:: Records to process ::
----------------

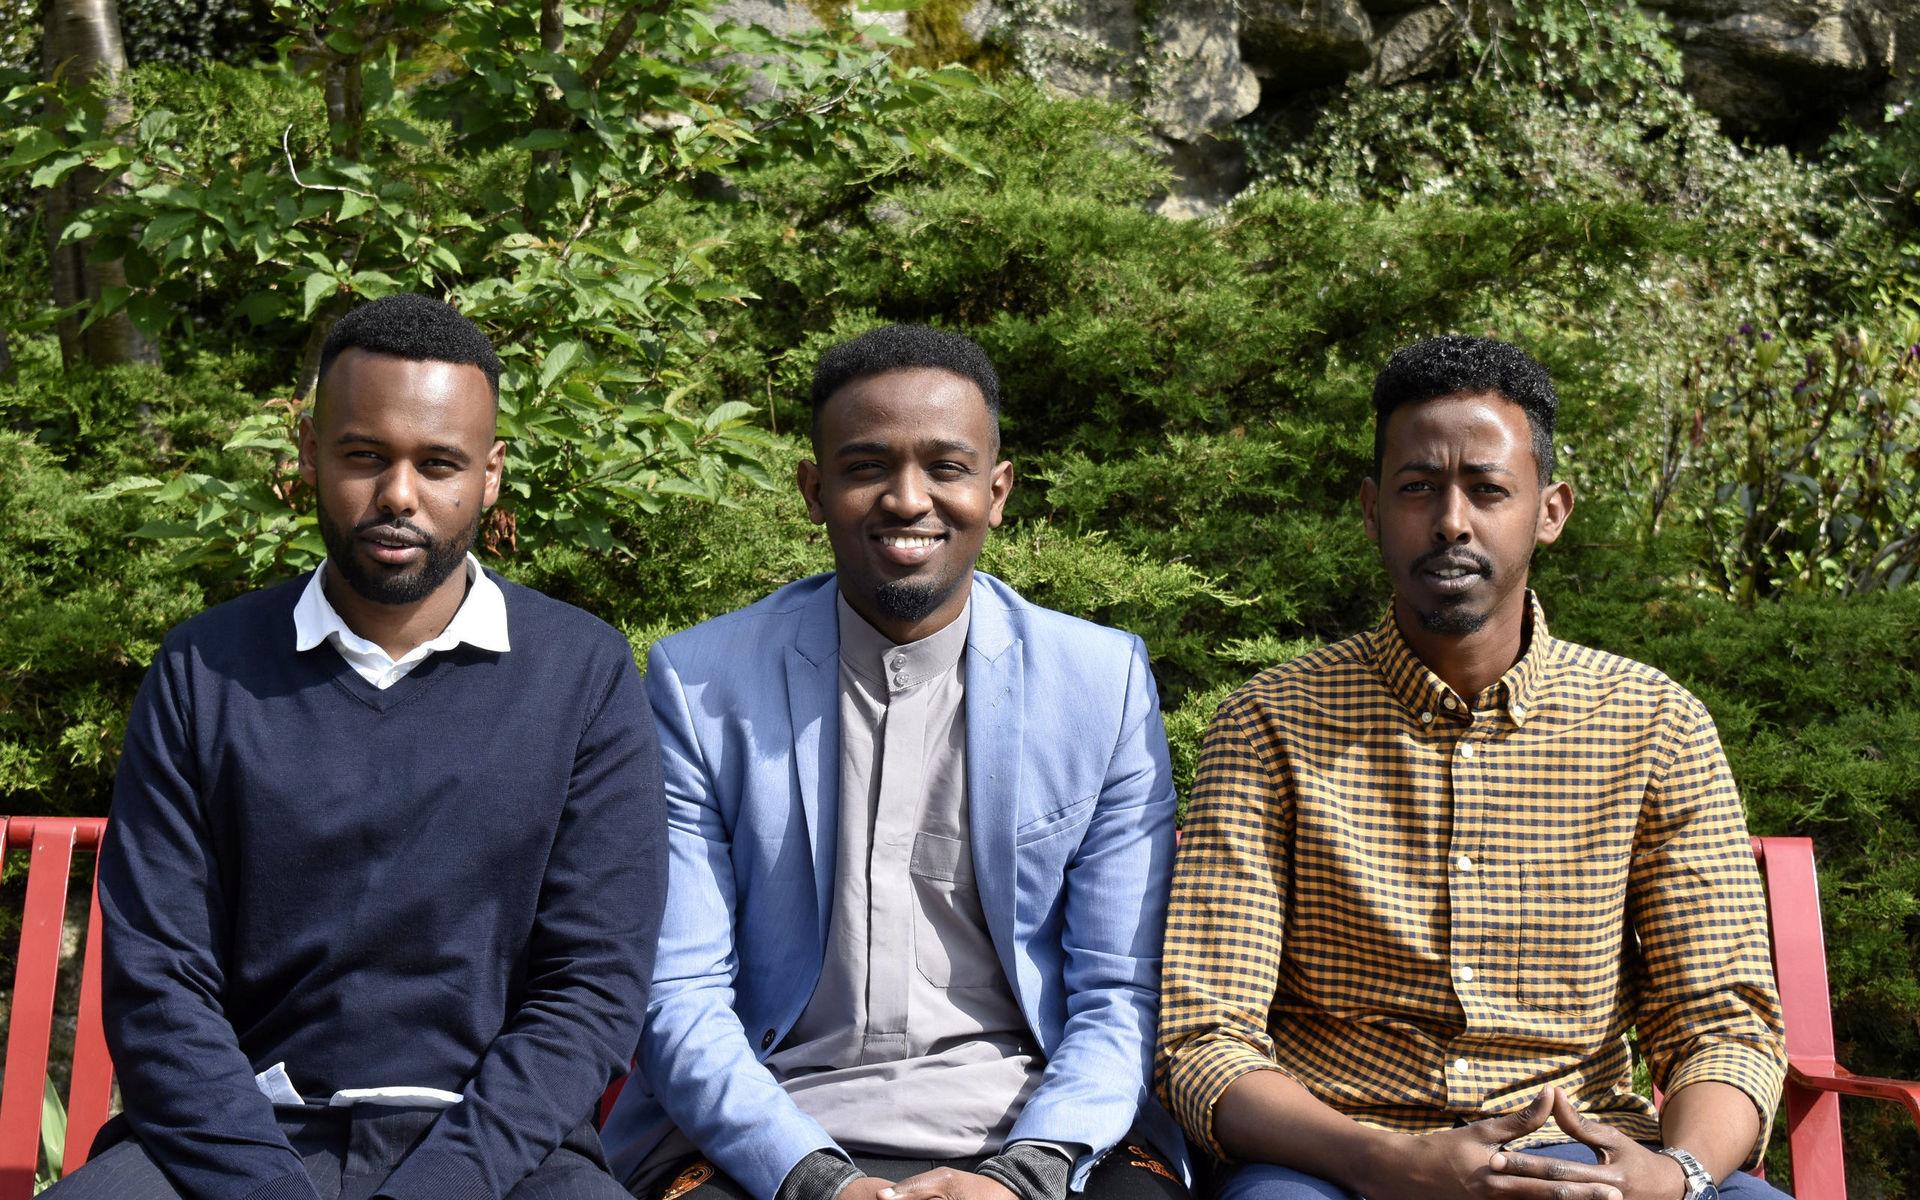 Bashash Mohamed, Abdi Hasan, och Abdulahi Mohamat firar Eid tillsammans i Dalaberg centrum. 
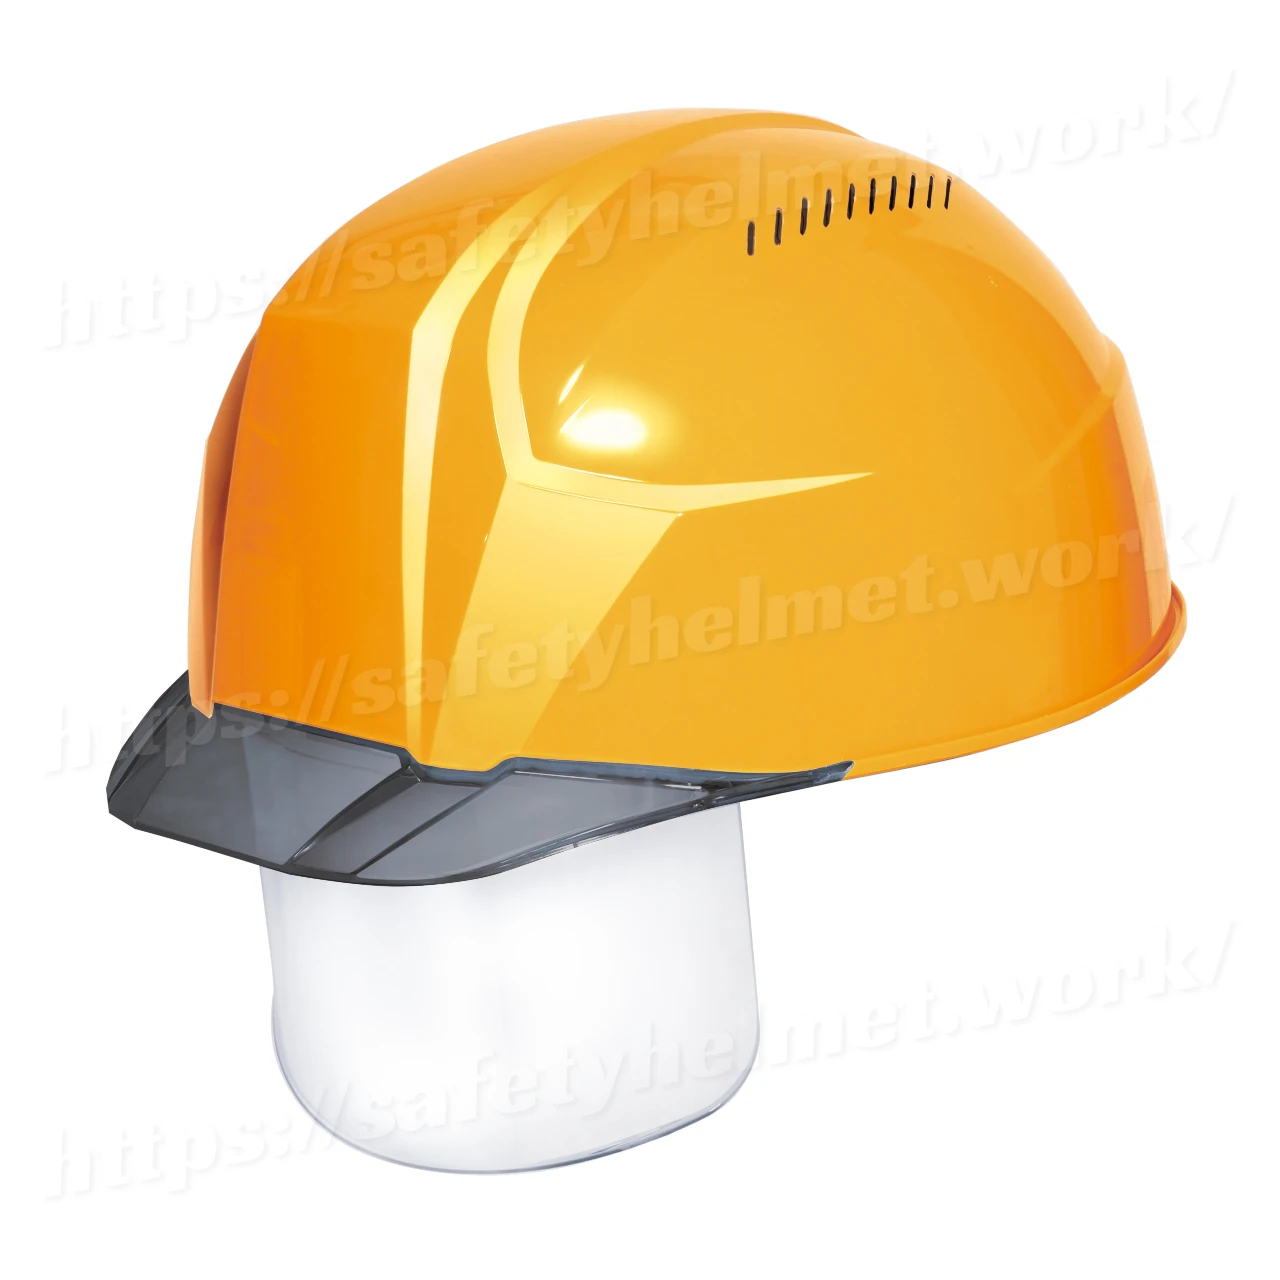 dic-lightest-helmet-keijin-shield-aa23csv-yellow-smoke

----------------

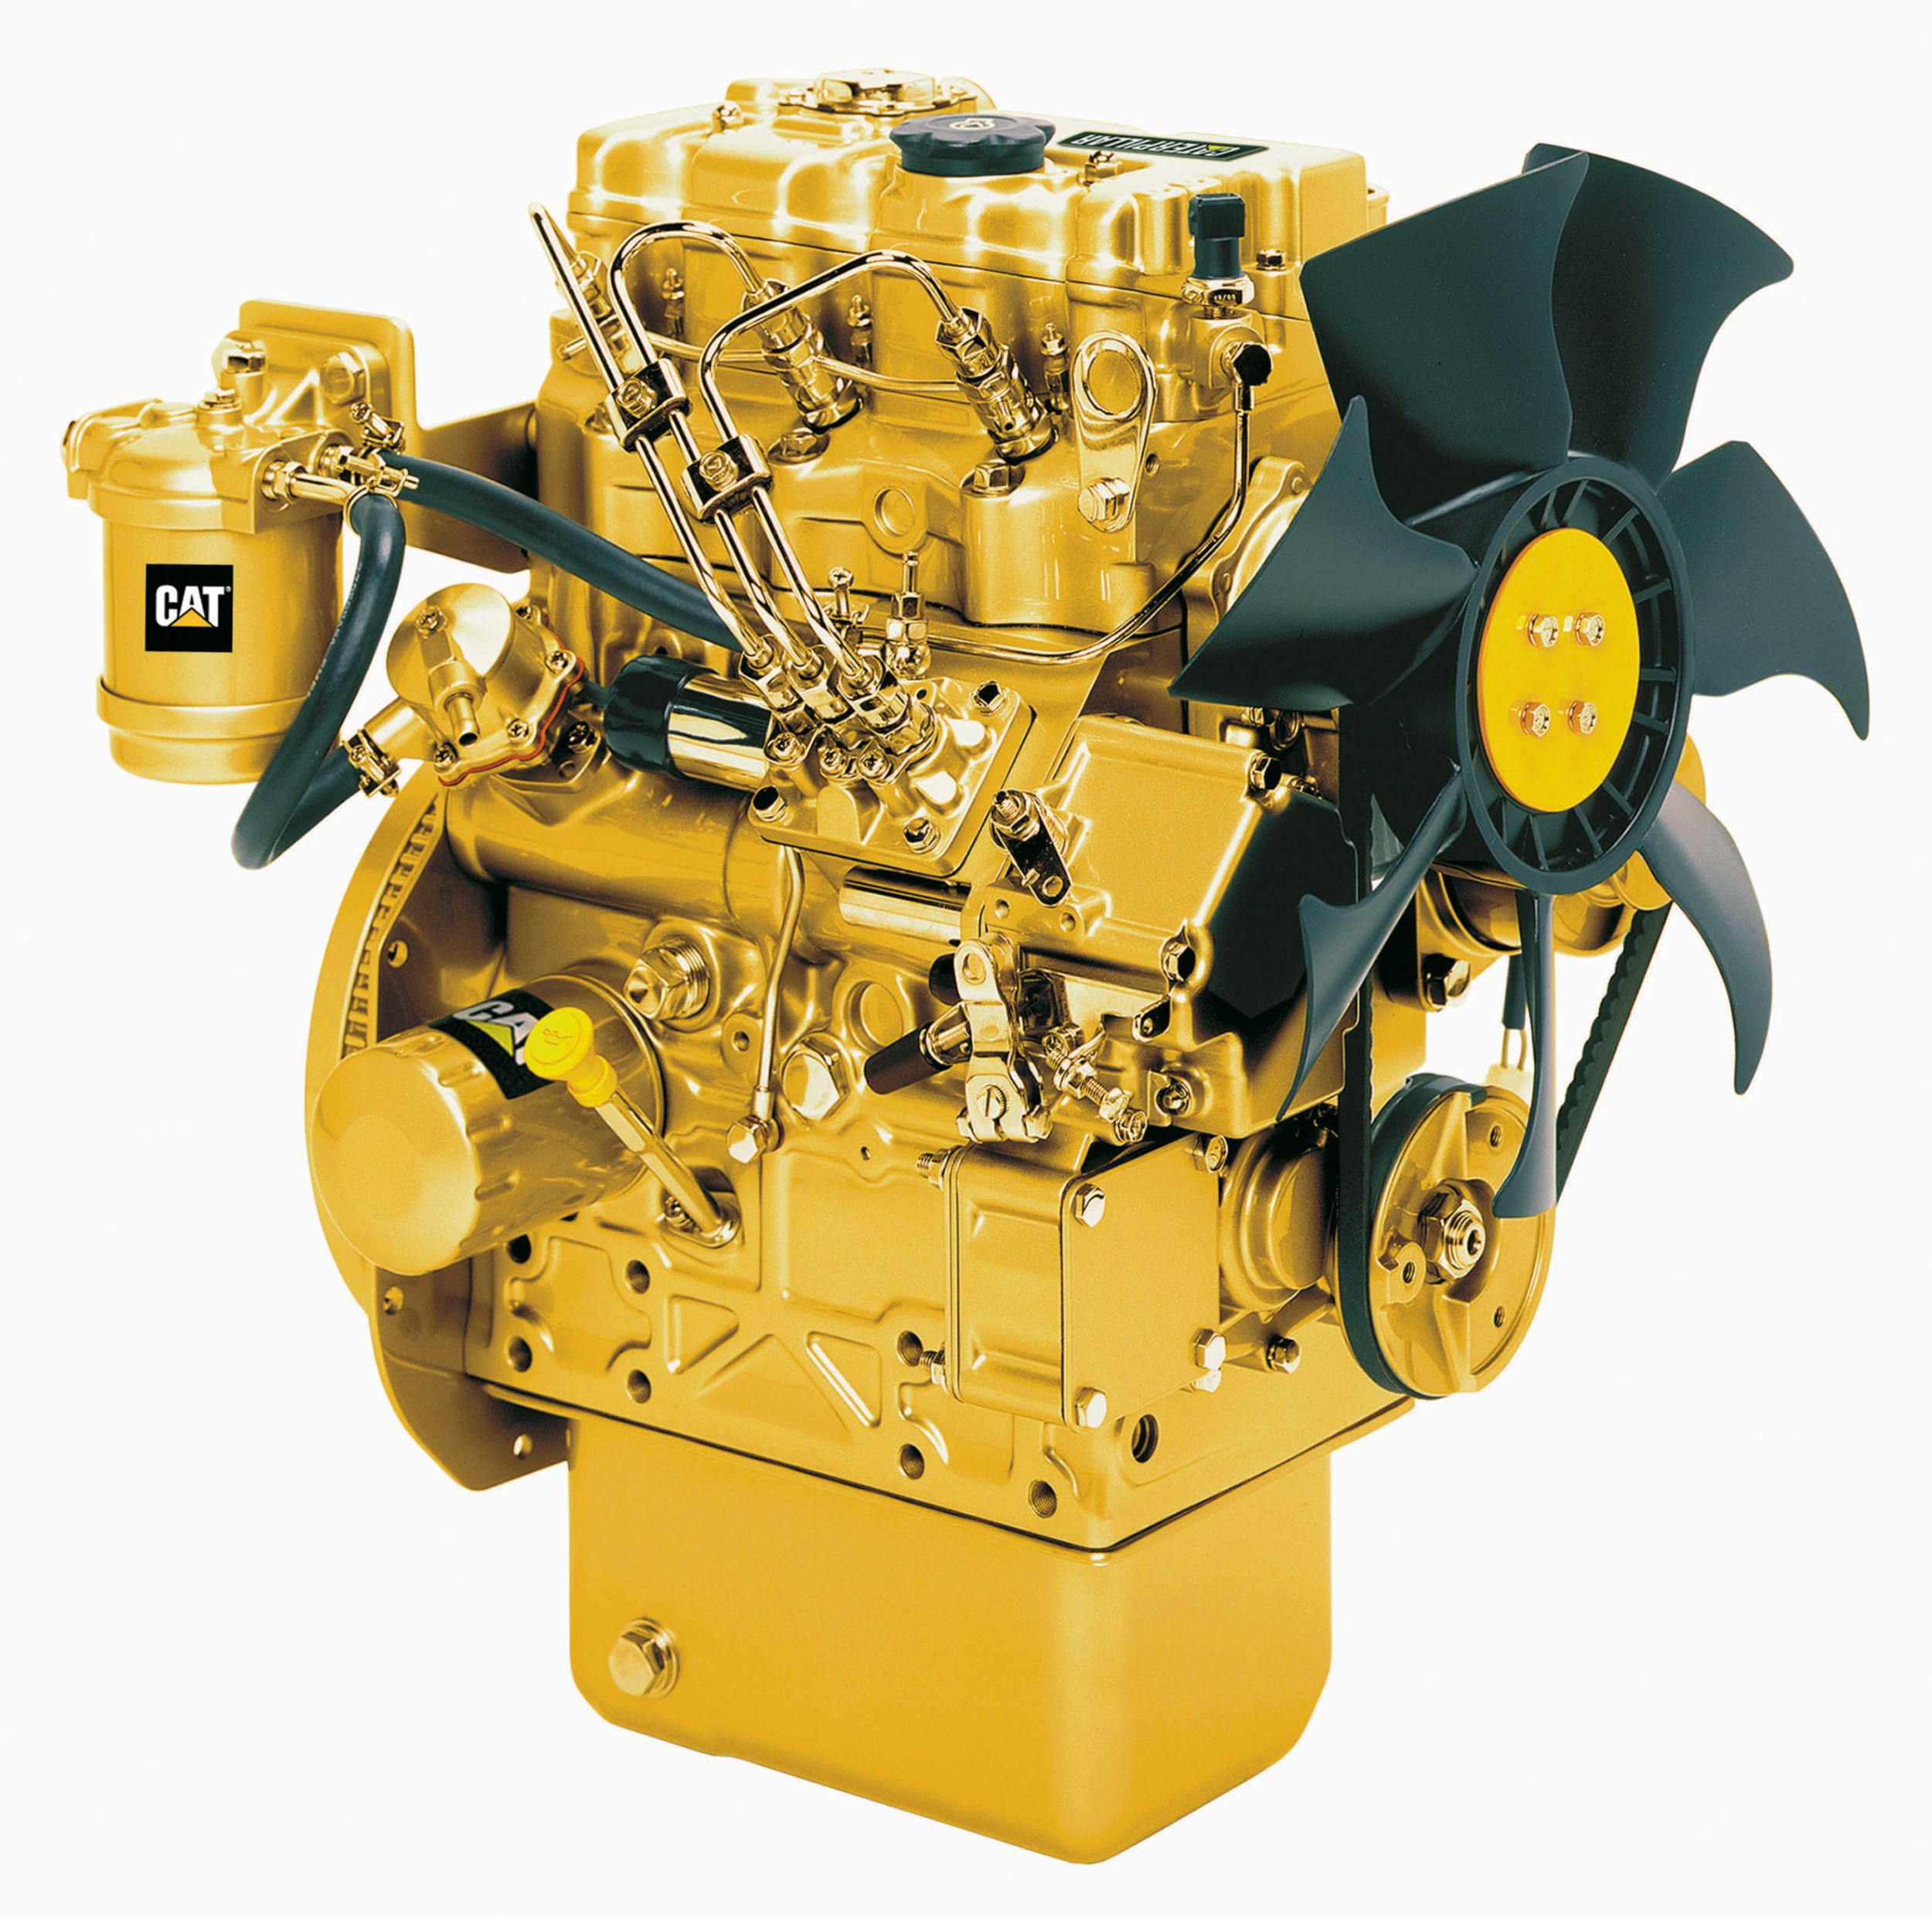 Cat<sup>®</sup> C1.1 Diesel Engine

----------------

:: Exercise requirements ::
Only the lines of the listing above from the one with "Bashash Mohamed, Abdi" through the one with "dic-lightest-helmet-keijin-shield-aa23csv-yellow-smoke" should be output, exactly, with both ends kept and pictures left out.

:: Reply ::
 Bashash Mohamed, Abdi Hasan, och Abdulahi Mohamat firar Eid tillsammans i Dalaberg centrum. 
 dic-lightest-helmet-keijin-shield-aa23csv-yellow-smoke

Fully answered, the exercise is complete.